A TikToker named Jordan (@jordanreviewsit) posted a video on Tuesday about being “allowed to wear jeans on Friday,” but only if he paid the human resources team $10 each week.

He captioned the TikTok: “Pre-pandemmy office culture was wild”.

The video gained more than 165k views from users, many of whom were stunned that offices used to ask their employees to pay for wearing jeans to work.

“Whaaaaat? Was this a thing?!” asked one TikToker.

“WHAT?!” wrote another shocked user.

Others shared their experiences with casual Fridays as well. The practice, which gained popularity throughout offices in the 1990s, allowed employees to wear “business casual” clothing on Fridays as a signal to the start of the weekend. Now, it has decreased significantly as a number of Americans prefer remote working or hybrid office schedules. In February 2022, 39 per cent of Americans worked entirely from home while 42 per cent had a hybrid schedule, according to Gallup.

One person explained how their office collected casual Friday fees and donated them to a charity. “You would buy a pass for a month that went over your badge. It changed colors every month,” they said.

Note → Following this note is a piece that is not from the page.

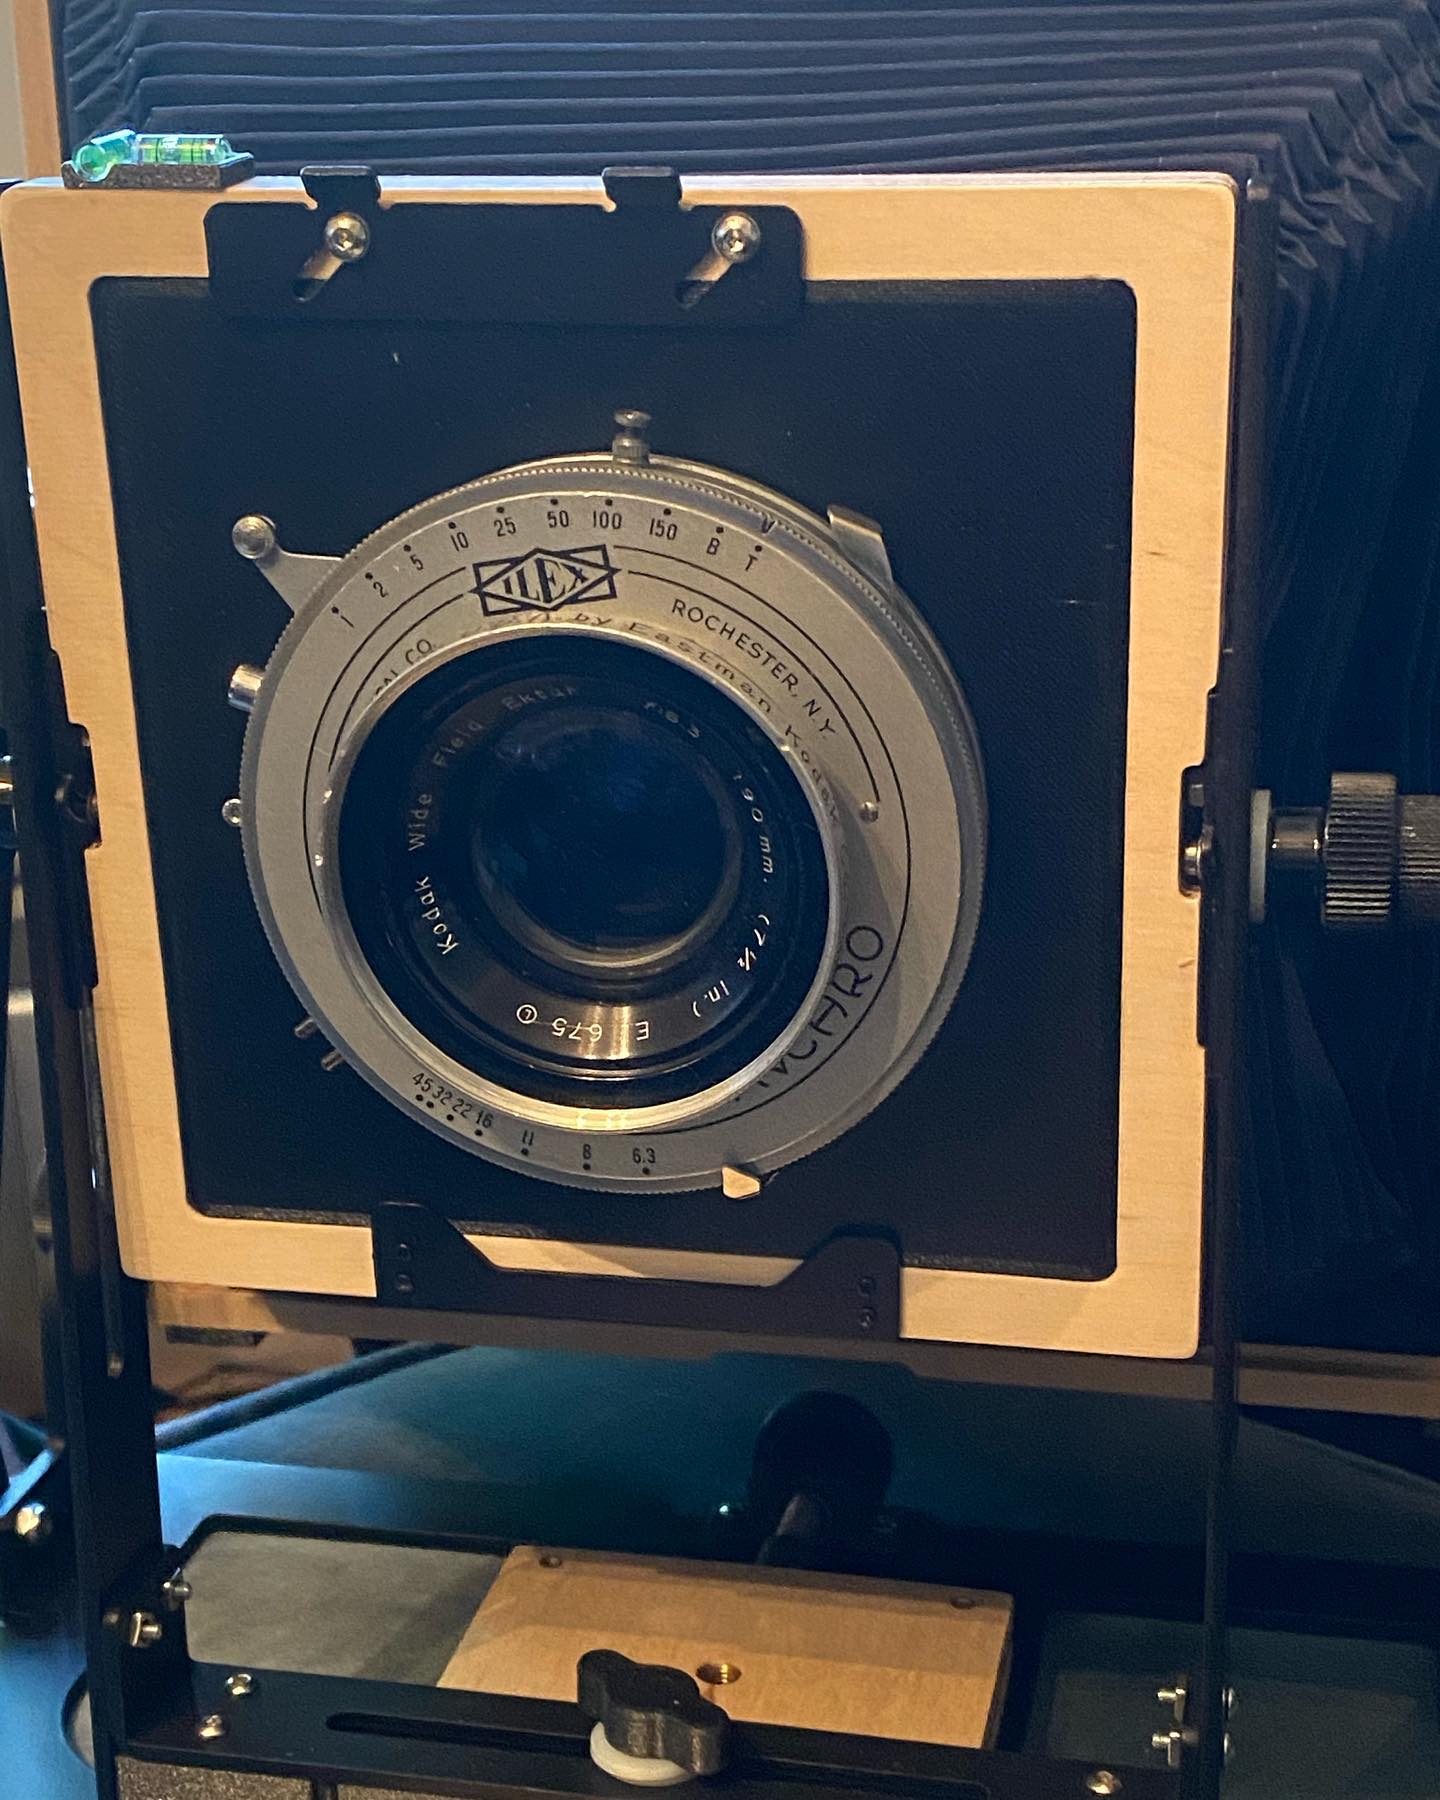 3D printed lens board for my @intrepidcamera 8x10. I had a hard time finding a board that would fit the Ilex No. 4 shutter that came with the Kodak Wide Field Ektar 190mm/f6.3 lens I picked up recently. So I opened up Fusion 360 and made one, which I then printed on my Ender 3 Pro. First attempt didnât work; the hole was based on some specs I read online and was too small, and I hadnât accounted for the rounded corners. Also it wasnât quite thick enough and so wasnât rigid enough. So back to Fusion 360, doubled the thickness to 4mm and added a circle to the back for another 2mm of support. The result looks promising. Will have to take the camera out this week and see if it worked.

Another user wrote that their office would hand out stickers when they paid that shows they can wear jeans. “I did it the 1st week, then kept the sticker,” they added. “It’s been 3 years”.

One user wrote, “I didn’t pay and just wore it anyway,” to which Jordan replied: “This is the way”.

Since the start of the Covid-19 pandemic, workplace culture has adapted to more flexible ways of working. Several companies, including Airbnb and Amazon, now allow their employees to work remotely indefinitely. Meanwhile, Gen Z employees expect “more personalisation in how they want to be treated by their employer,” according to a recent study by Deloitte.